- Nickname: Franko (Франко)
- Born: January 16, 1959 Manhattan, New York City, US
- Died: August 19, 2014 (aged 55) Ilovaisk, Donetsk Oblast, Ukraine
- Buried: Askold's Grave, Kyiv, Ukraine
- Allegiance: United States Army National Guard of Ukraine
- Service years: 1981 – 1991, 2014
- Rank: Major (U.S. Army)
- Unit: 75th Ranger Regiment Donbas Battalion
- Known for: The only American fighting for Ukraine at the time
- Conflicts: Russo-Ukrainian War War in Donbas Battle of Ilovaisk †; ; ;
- Awards: Order of Danylo Halytsky
- Alma mater: United States Military Academy

= Mark Paslawsky =

American-born Ukrainian military personnel (1959–2014)

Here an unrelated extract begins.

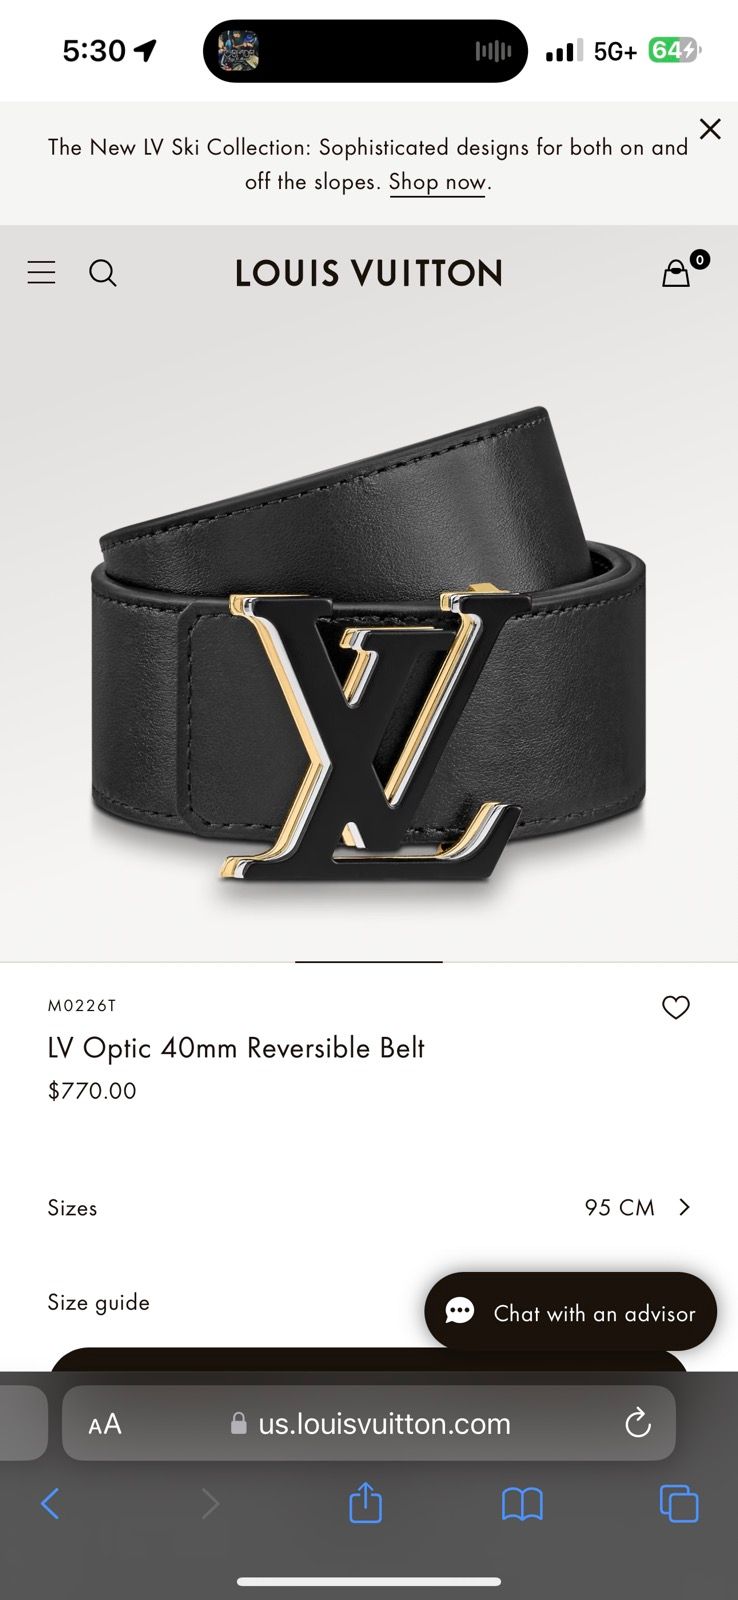 Louis Vuitton LV Optic 40mm Reversible Belt, Black, 95cm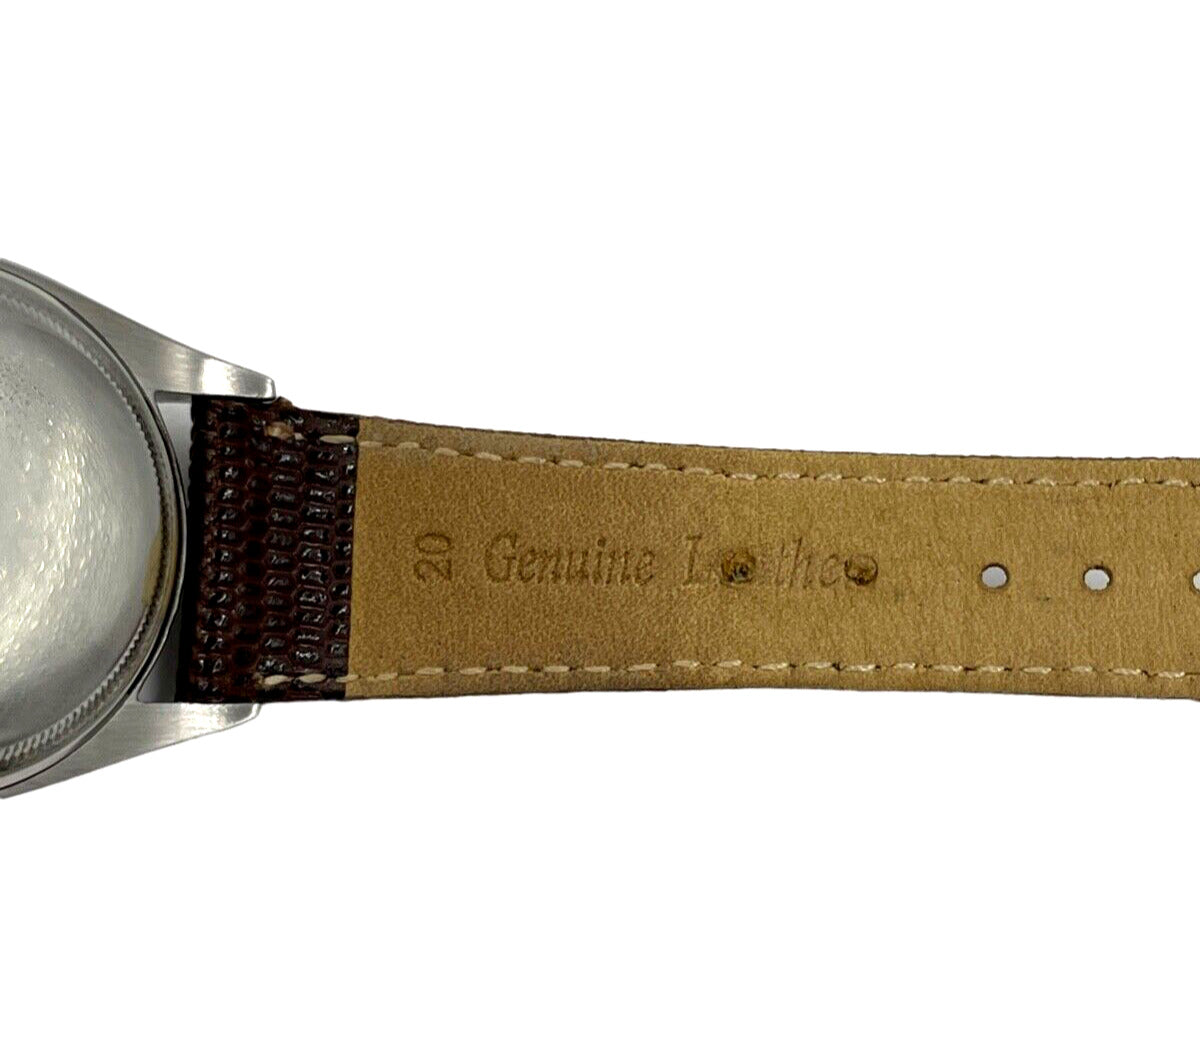 1953 Rolex Bubbleback 14K bezel Gold  Stainless Steel  Watch Ref. 6105

Mark Gregory "Franko" Paslawsky (16 Jan 1959 - 19 August 2014), also known as Marko (Markiian Hryhorii) Paslavskyi (Марко (Маркіян Григорій) Паславський) was an American-born Ukrainian man who served as a private of the Donbas Battalion, a volunteer unit of the National Guard of Ukraine. He died in the War in Donbas during the Battle of Ilovaisk. He was awarded the Order of Danylo Halytsky posthumously.